The interesting thing I'm noticing in writing Too Many Necromancers is that I'm having a sense I haven't had in a long time--that of unearthing a story like a fossil, one that already exists somewhere, and I just have to dig it up and sort the bits. I used to write like this most of the time--just sort of writing along, and then figuring out ten or a hundred pages later what was just going on and having to go back and put it in.

And half the time I have no clue while I'm writing the dialogue what the characters are on about, and then I have to figure it out. And you know, I think it's mostly pretty good, especially after I go back and make it less dream-logic and more like real life.

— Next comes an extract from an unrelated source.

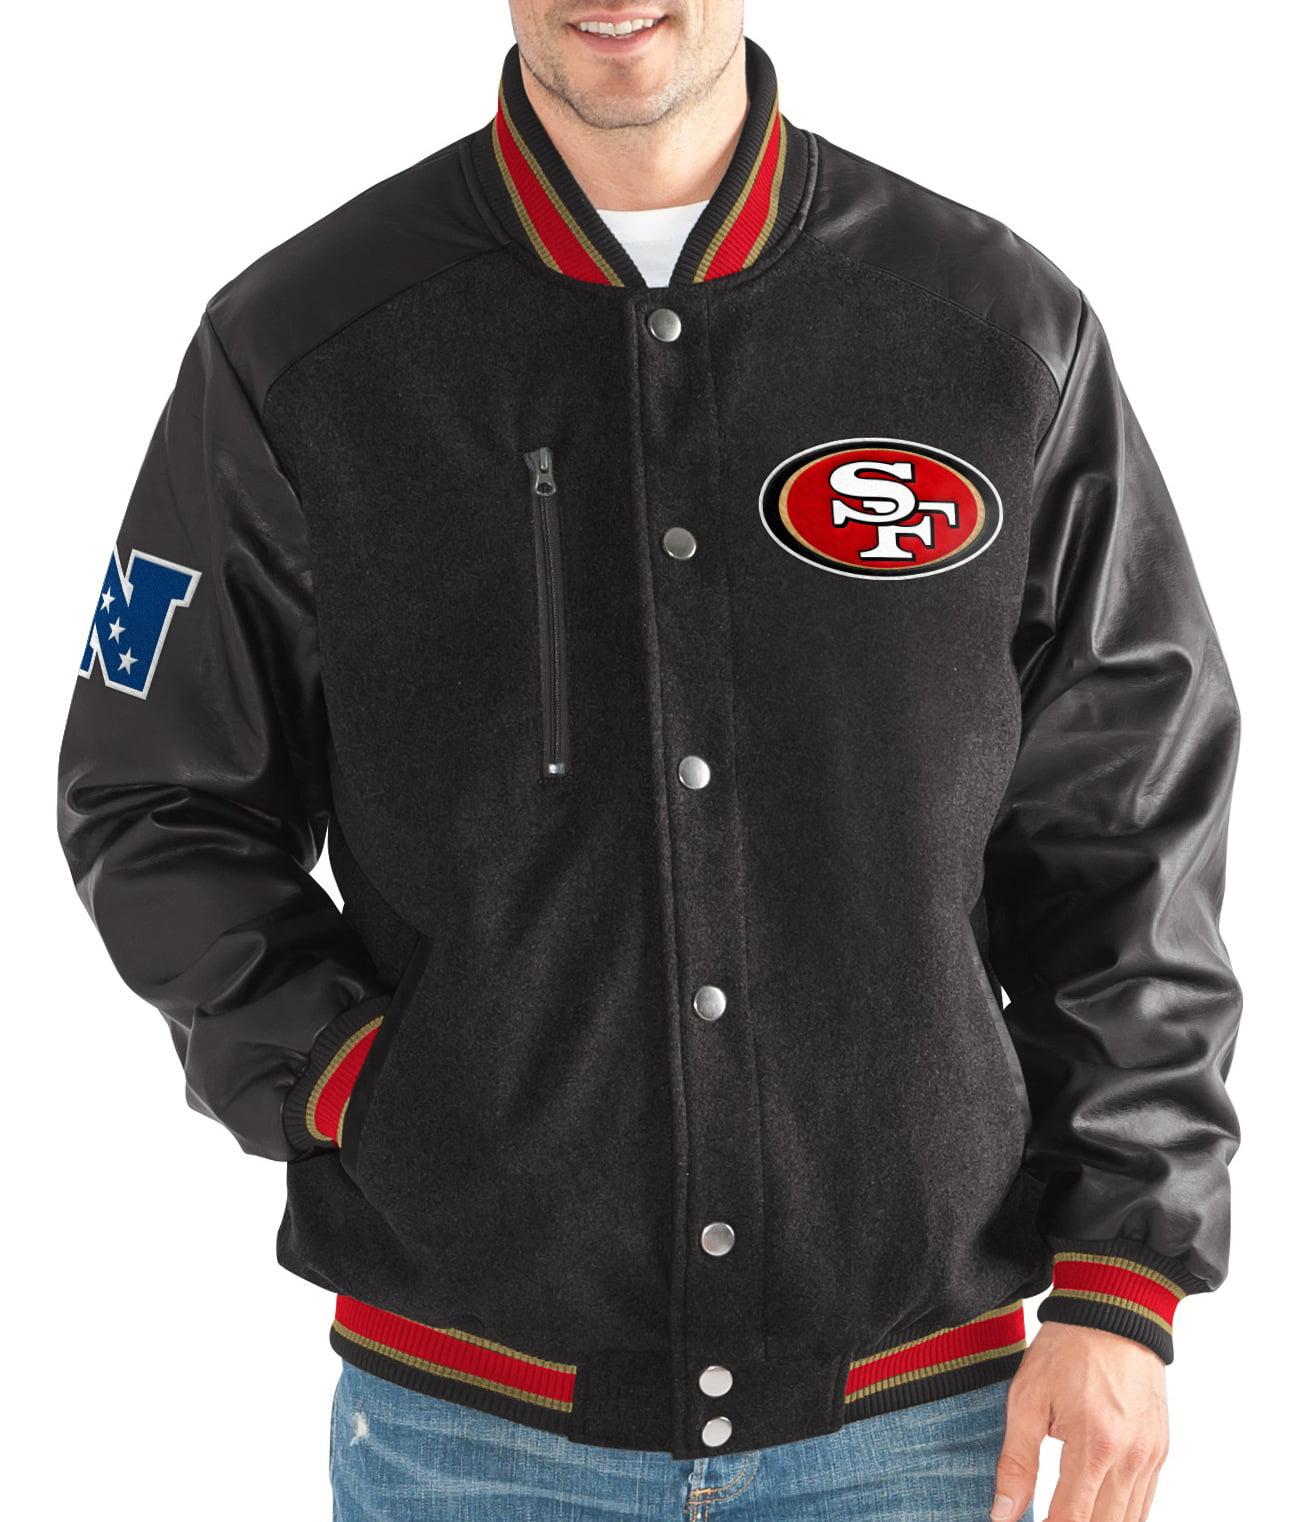 "San Francisco 49ers G-III NFL ""Heavy Hitter"" Men's Premium Varsity Jacket by G-III Sports"

Um. Real life with necromancers, I mean. 

Then again possibly I'm deluded and it's all pants. PANTS!

This is very much how I used to do everything. It's a little like being me, ten years ago, except my verbs are better.

...and, well, pretty much everything else is, too.

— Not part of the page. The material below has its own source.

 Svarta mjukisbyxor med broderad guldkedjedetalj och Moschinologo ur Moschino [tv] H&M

If this keeps up, writing might get to be fun again. And then where will I be?

I wonder if this is unconscious competence? Is it possible I've bloody well learned how to write and now I don't have to do every single picky thing consciously?

That'd be nice. Because there does come a time when you want to quit micro-steering the car and worrying about it every time you need to start on a hill... and just be able to drive somewhere and be confident you will make it, and it will be interesting and fun.

I'm not counting my chickens, though. It's possible I'm just getting sloppy and self-absorbed and have quit learning anything new.



Hah! Forgot to post that last night, apparently. Well, you get it this morning, with tea.

2011 04 16 Daily Commute

Tea today: Upton rose congou
Teacup today: Japanese one from SF, with mysterious words on it

And now back into Too Many Necromancers, now with shinier orbital mechanics. I'm going to hit the halfway point today, and I'm so freaking stressed out and anxious that I'm not sure if it would be better to take a day or two off, or just push through and finish the thing so I can collapse until mid-May sometime. There will be time off when this book is done. At least a little.

I like to bank all my days off and take them in great big chunks, what can I say?